Further, an increasingly significant factor which needs to be comprehended is the ever more symmetric character of the traffic patterns.

Client-Server based applications like web browsing and streaming applications generate asymmetric network traffic flow.

But, on the other hand, Peer-to-peer file sharing, e-mail, video conferencing, VoIP, and others intrinsically generate symmetric traffic flows.

The FTTH technology, due its huge transmission competence, is able to address these issues and thus can be called the Solution Path to Gigabit-Symmetric Transmission.

Methodology and Approach

In this presentation we bring forth three variant approaches of FTTH implementation.

We then analyze each approach individually.

Lastly based upon our analysis we identify the pros and cons for all the approaches.

FTTH using Ethernet Switches

The rapid time and low cost constraints in relation to individual subscribers have lead to the popularity of FTTH architectures founded on Ethernet switching.

Ethernet transmission and switching are established possessions in the enterprise networking arena and provide for cost efficiency, developed product quality, and swift innovation cycles.

Switches positioned in the basements of various multi-dwelling units are unified by using Gigabit Ethernet.

This has the advantage of exceptional toughness in opposition to fiber cuts and effective cost efficiency.

But at the same time it is disadvantageous in terms of architecture scalability with the challenge presented by the bandwidth sharing concept.

FTTH using PON architecture

Passive Optical Network (PON) architectures for FTTH implementation are exemplified by passive optical splitters which allocate the fiber to each individual client by means of splitting ratios.

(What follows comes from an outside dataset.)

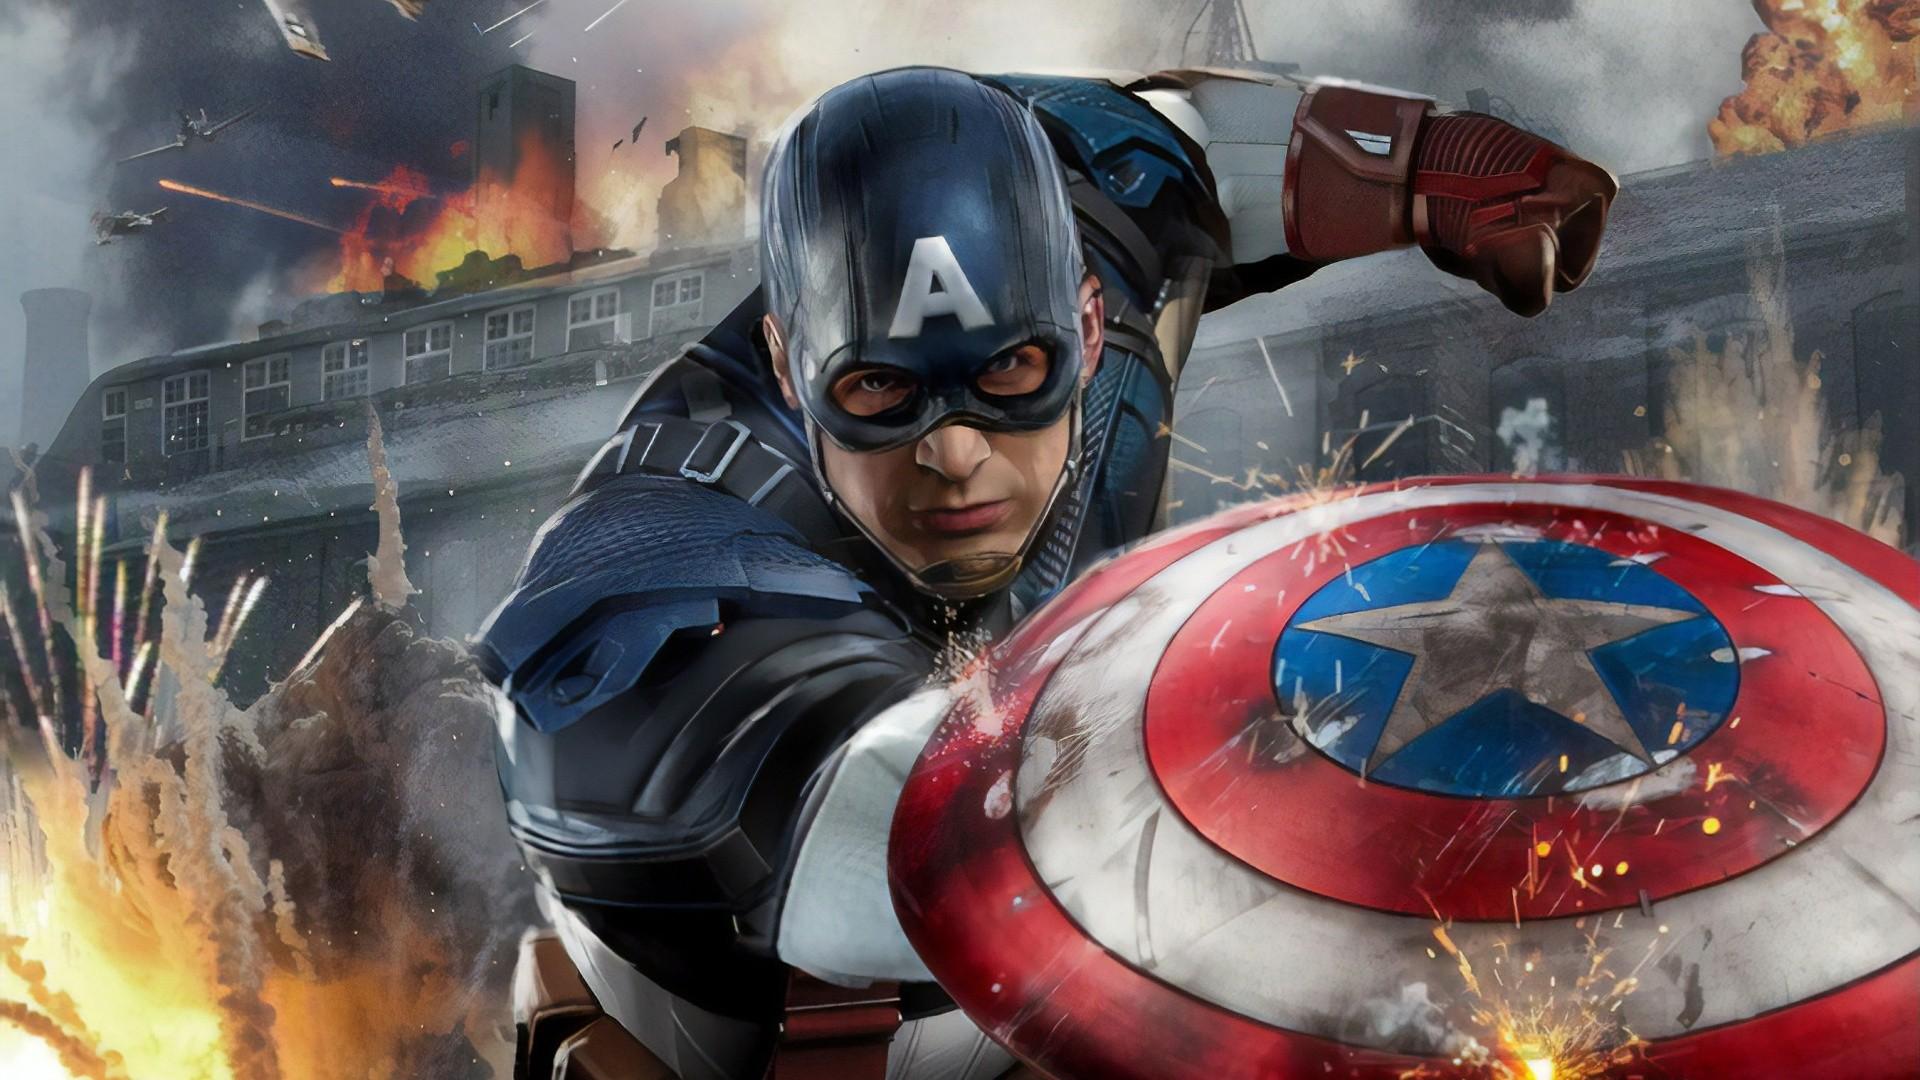 Captain America download wallpaper image

The PON FTTH framework characteristically supports the Ethernet protocol as well as ATM transmission system for its operations.

Often, a supplementary downstream wavelength is superimposed to dispense conventional analog and digital TV services to specific consumers eliminating the requirement of IP set-top boxes.

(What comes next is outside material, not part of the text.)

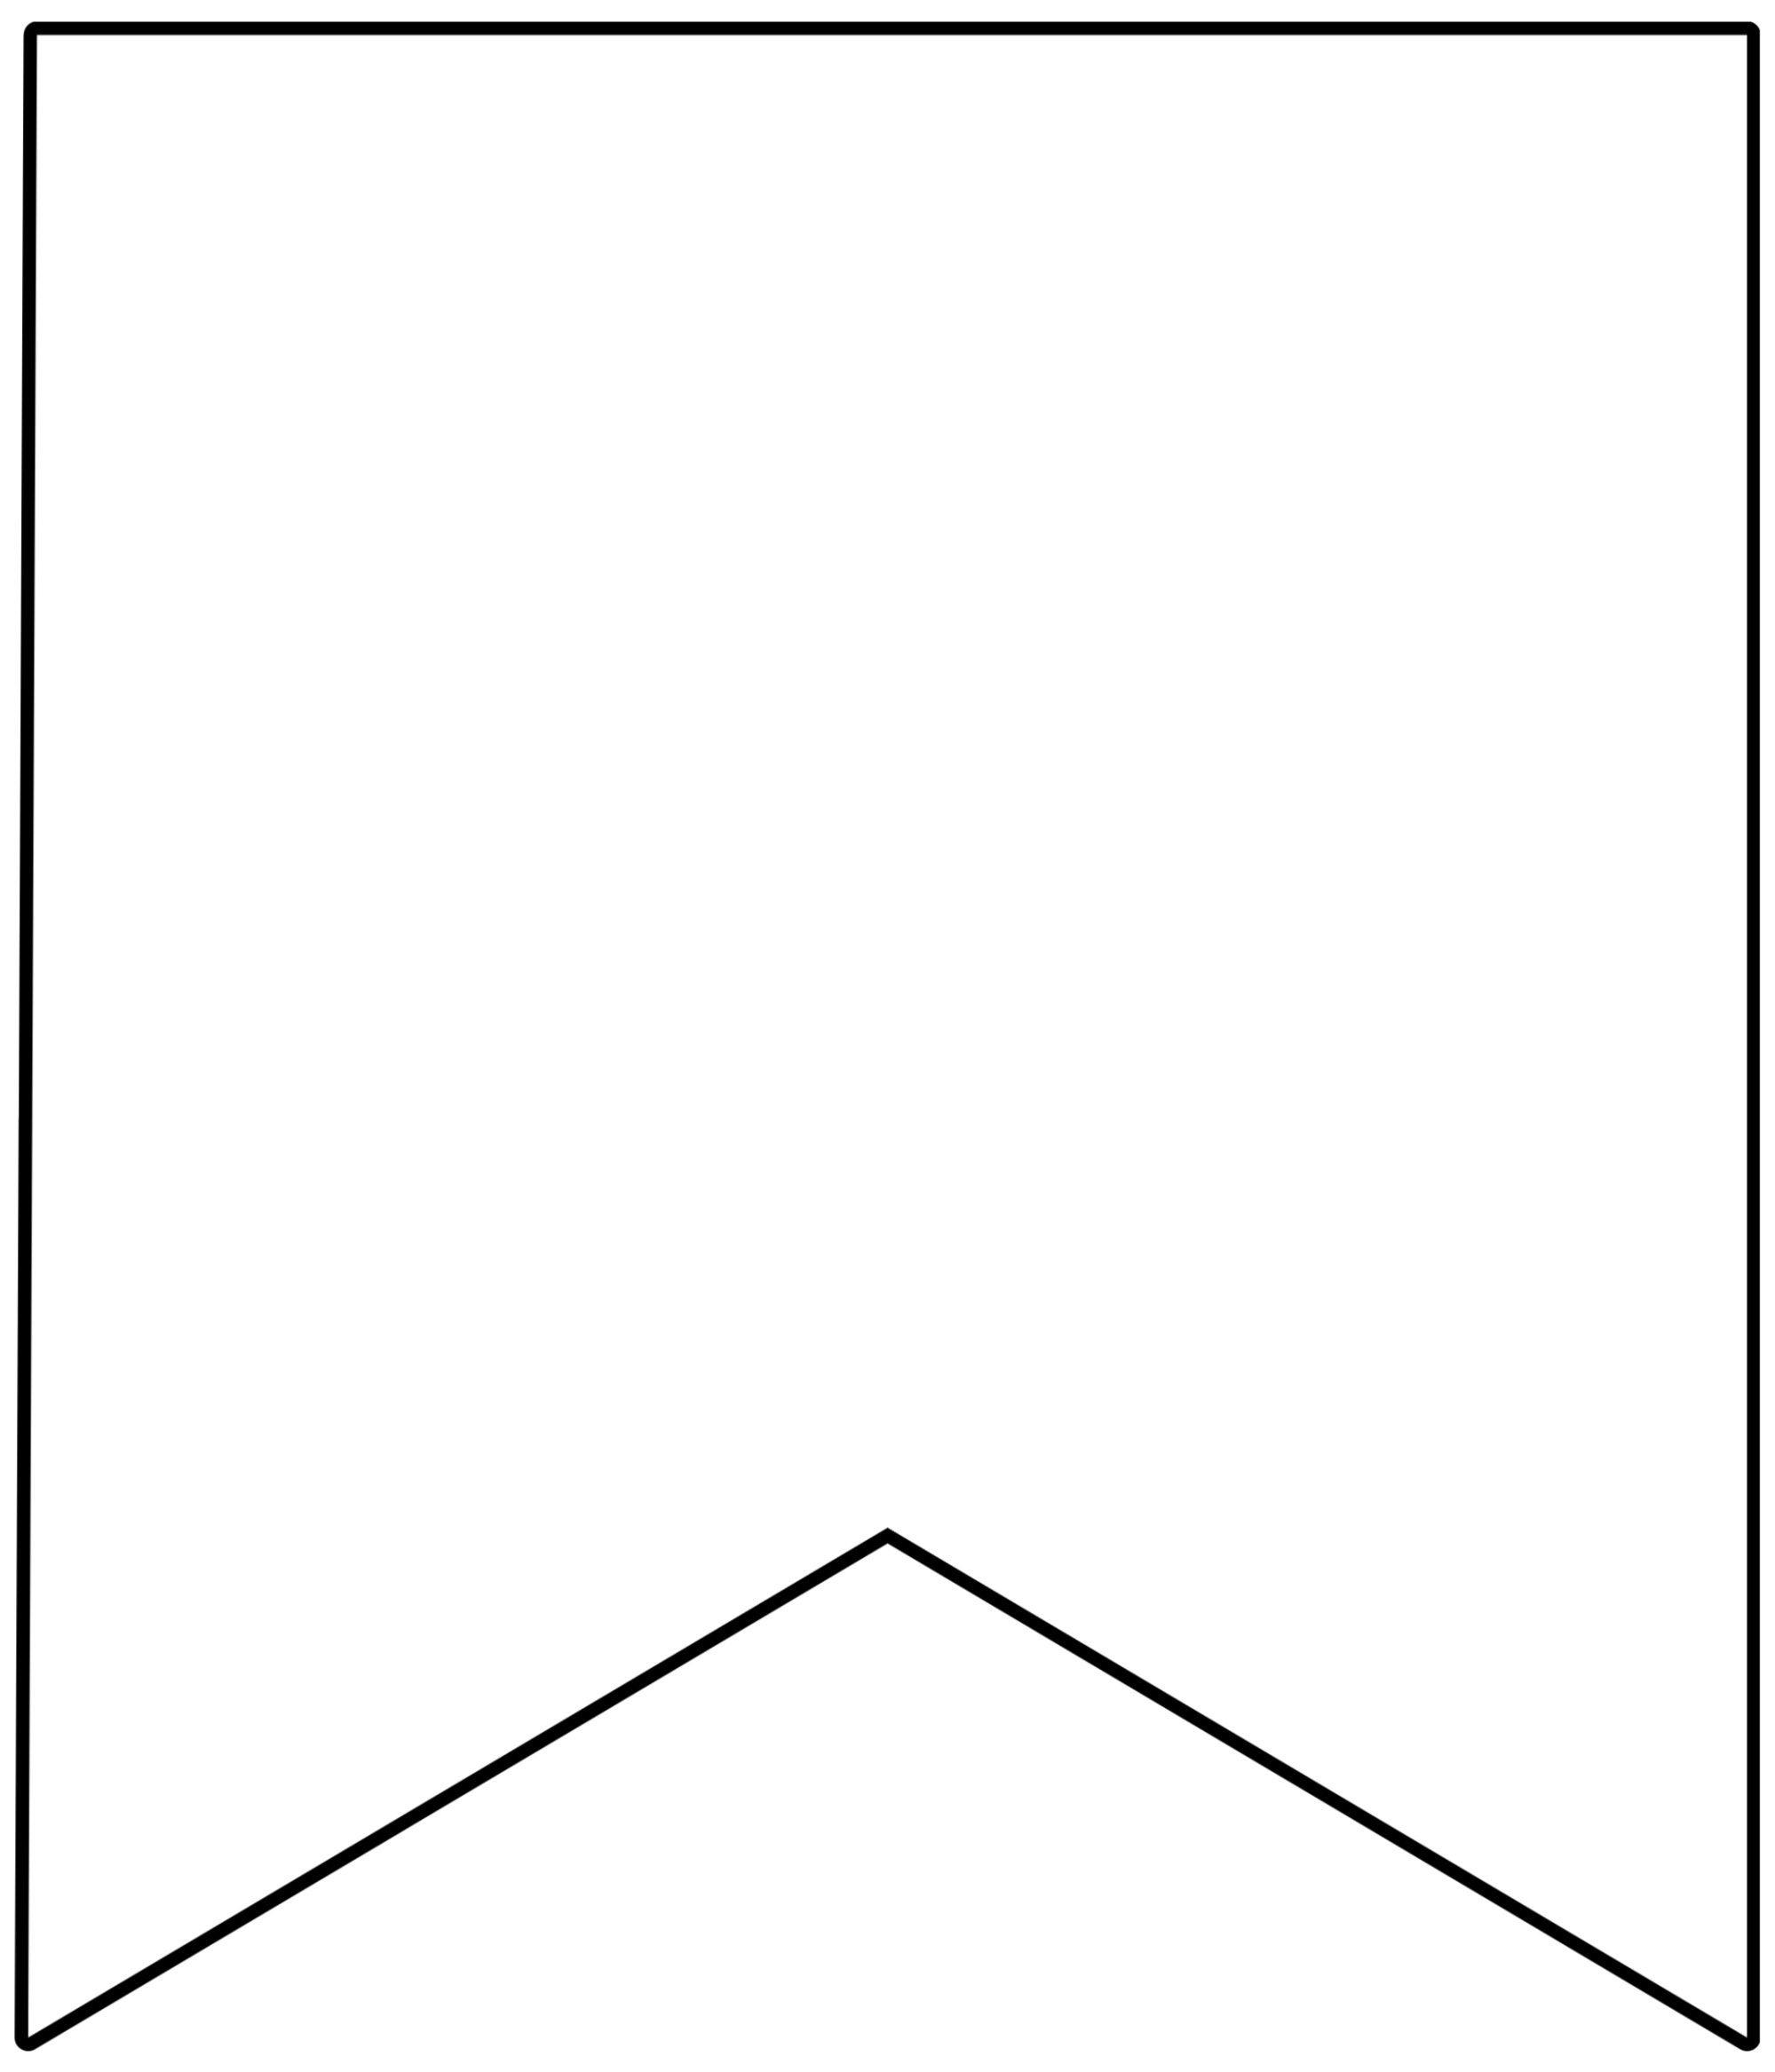 Free Printable Banner Templates - Demir.iso-Consulting.co - Free Printable Banner Templates For Word

Advantages of this approach incorporate access fiber saving, port saving and analog video overlay.

However there are a number of issues concerning this technology like Bandwidth sharing, encryption, and high operational bit-rate which need to be addressed during deployment.

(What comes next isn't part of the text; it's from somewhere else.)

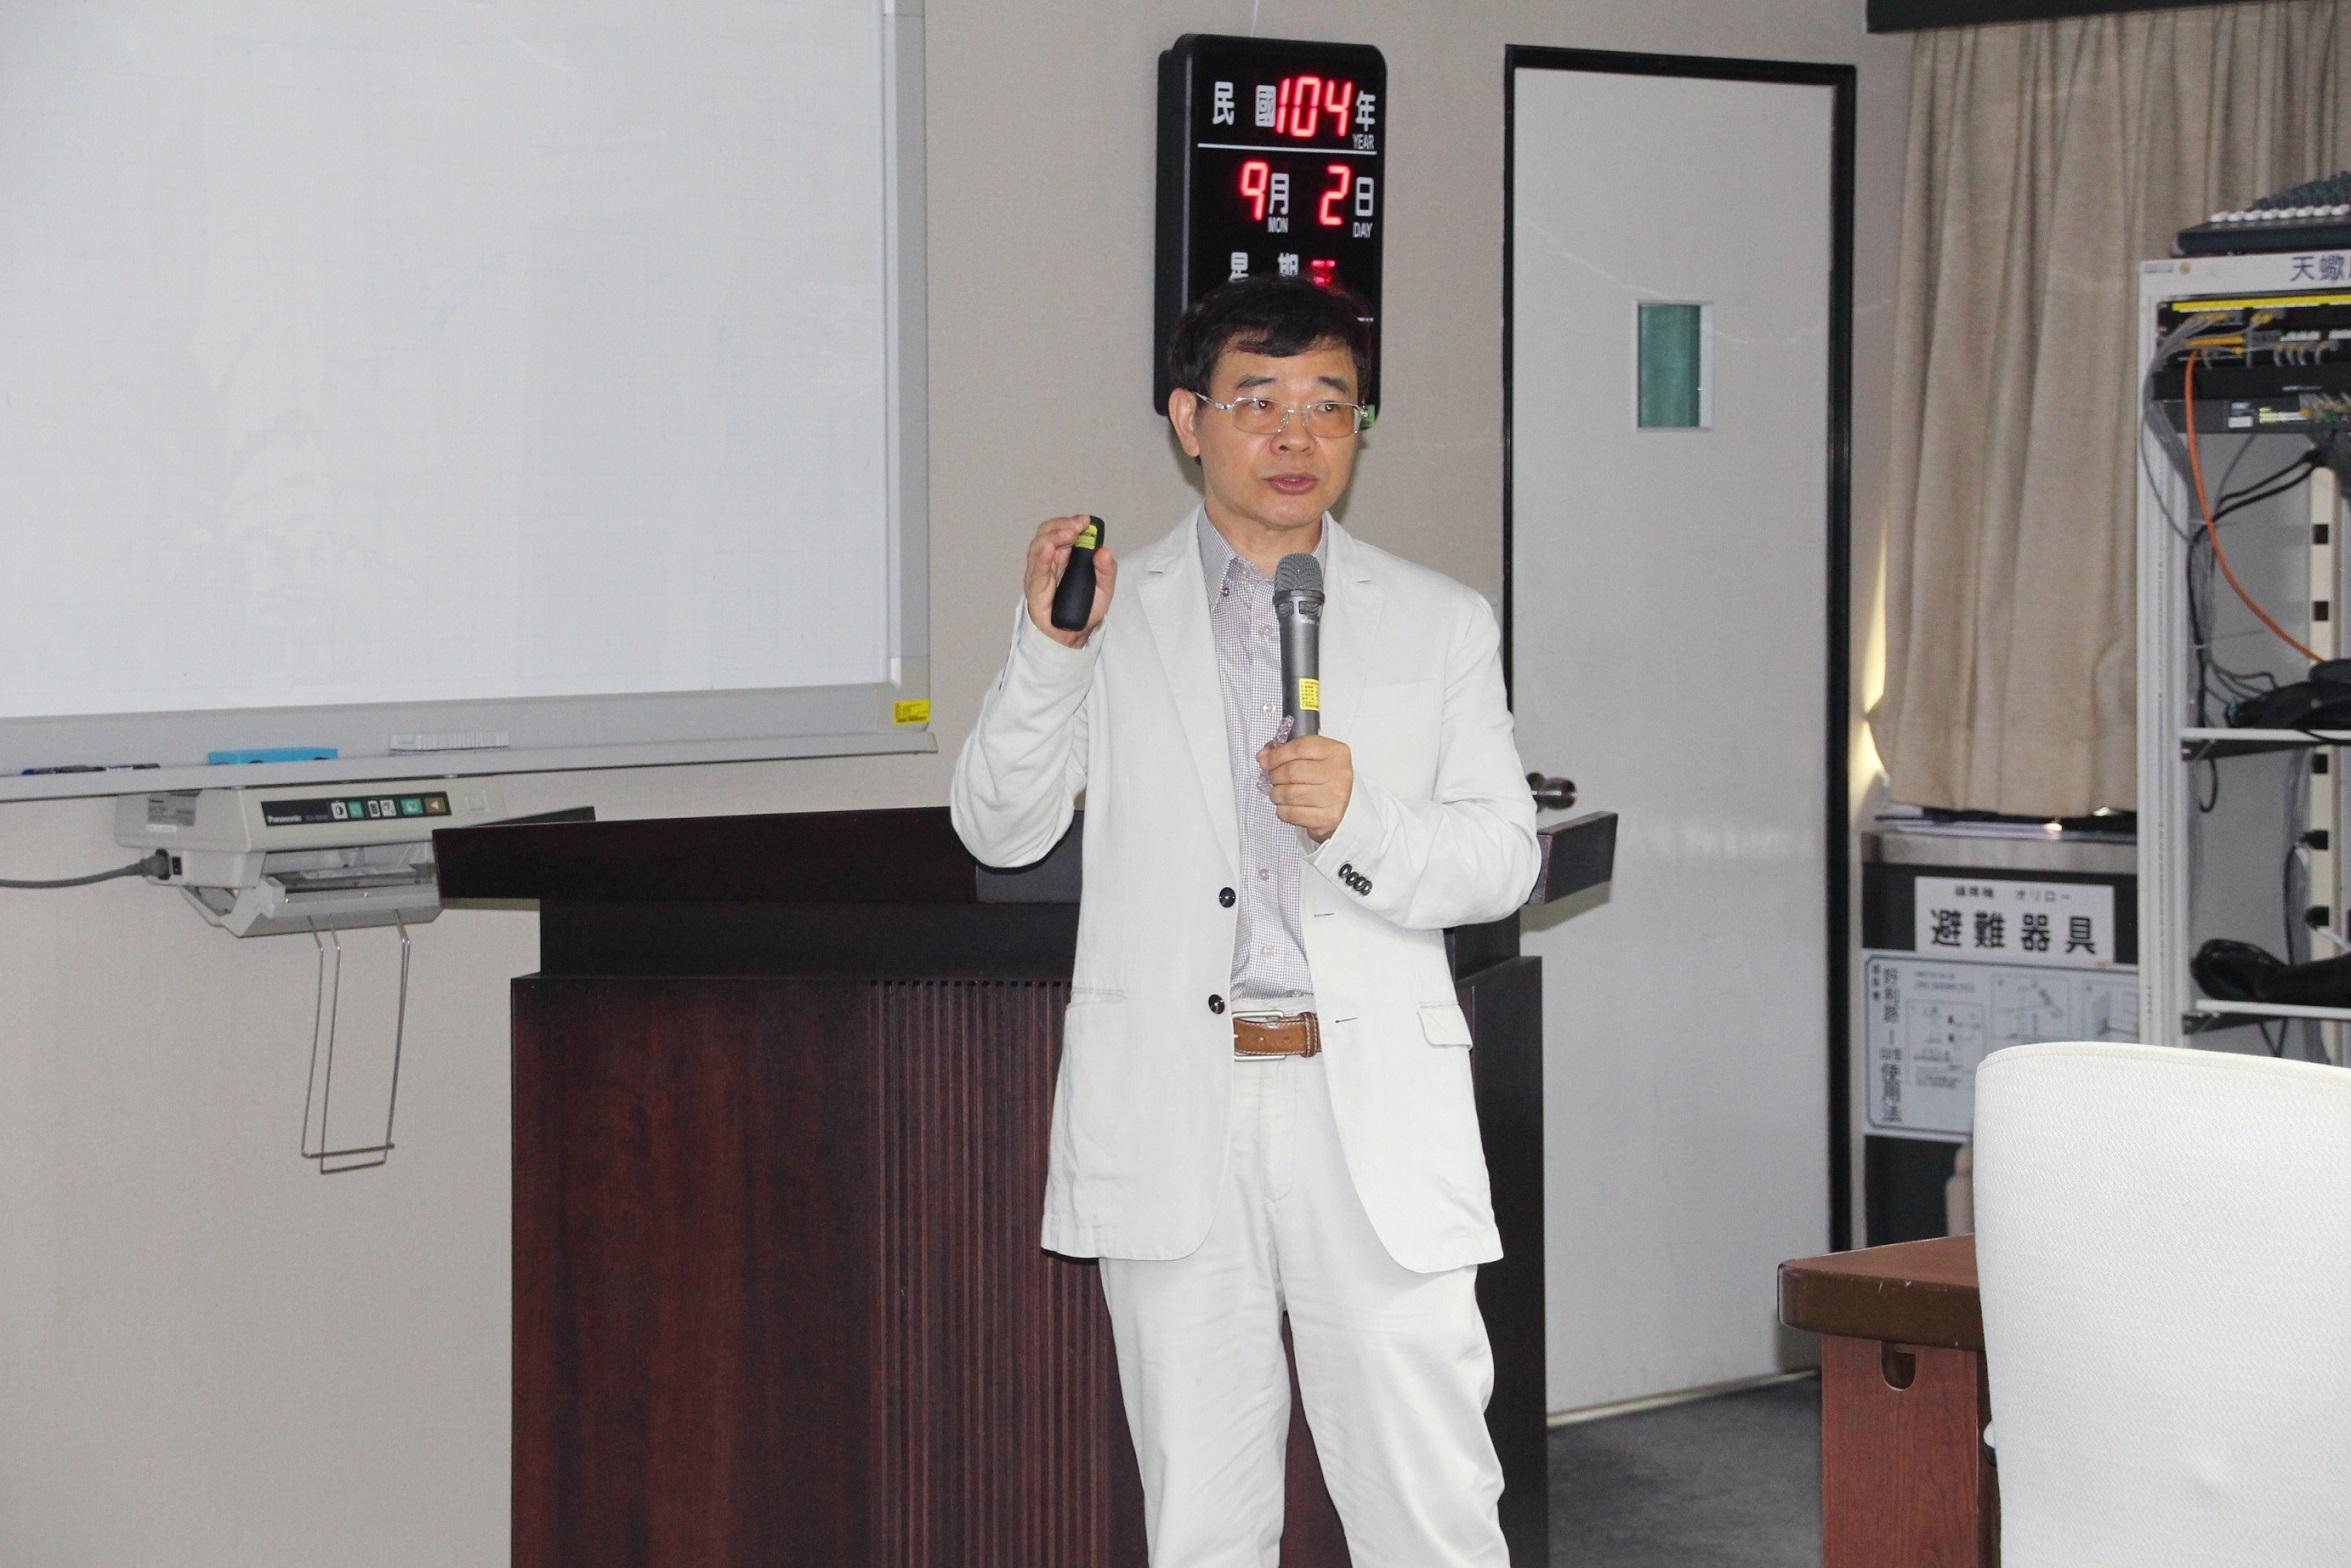 NCHU Professor Lin Kuan-jiuh demonstrates his innovation at the MOST on Thursday.

A gigabit-symmetric Optical Code Division Multiple Access (OCDMA) PON is arguably more effective than the conventional WDM PON architecture.

It offers gigabit symmetry, i.e., a gigabit- or perhaps multi-gigabits-per-second in uplinks as well as downlinks, to satisfy the requirements of the customers for peer-to-peer applications along with HDTV broadcasting.

In OCDMA PON technology, diverse optical codes are allocated to the subscribers as the mark of uniqueness and a common transmission medium is used.

Both optical encoding as well as decoding is carried out in the optical domain, and therefore OCDMA can employ full asynchronous transmission mode, addressing time related overheads and without making use of any intricate electrical machinery.

Critical Appraisal

Use of fiber to provide connectivity to dwellings is a major investment which anticipates a life time of at least 30 to 40 years.

Use of various deployment techniques and architectures has been observed in the field of fiber based networks.

Although each deployment method for FTTH offers its advantages, the lingering risk of gaining short-term reserves in the fiber communications from PON FTTH implementation might have major impacts on the upcoming use of the costly fiber transmission without significant follow-on investments is a concerning issue.


FTTH may be exorbitant in various cases.

Deploying FTTH can be pricey and the monthly rates for broadband services subsequently can also be disconcerting.

However, outlays are expected to come down over a period of time with FTTH gaining popularity.

Due to difficulties in cost-effectiveness in reinstating prevailing copper cabling in some areas, FTTH is increasingly being deployed in recently built societies as a supplementary selling attribute.

FTTH is sure to gain more popularity in the coming times as it surely provides the answer to the ever demanding applications and offers a solution path to Gigabit Symmetric Transmission.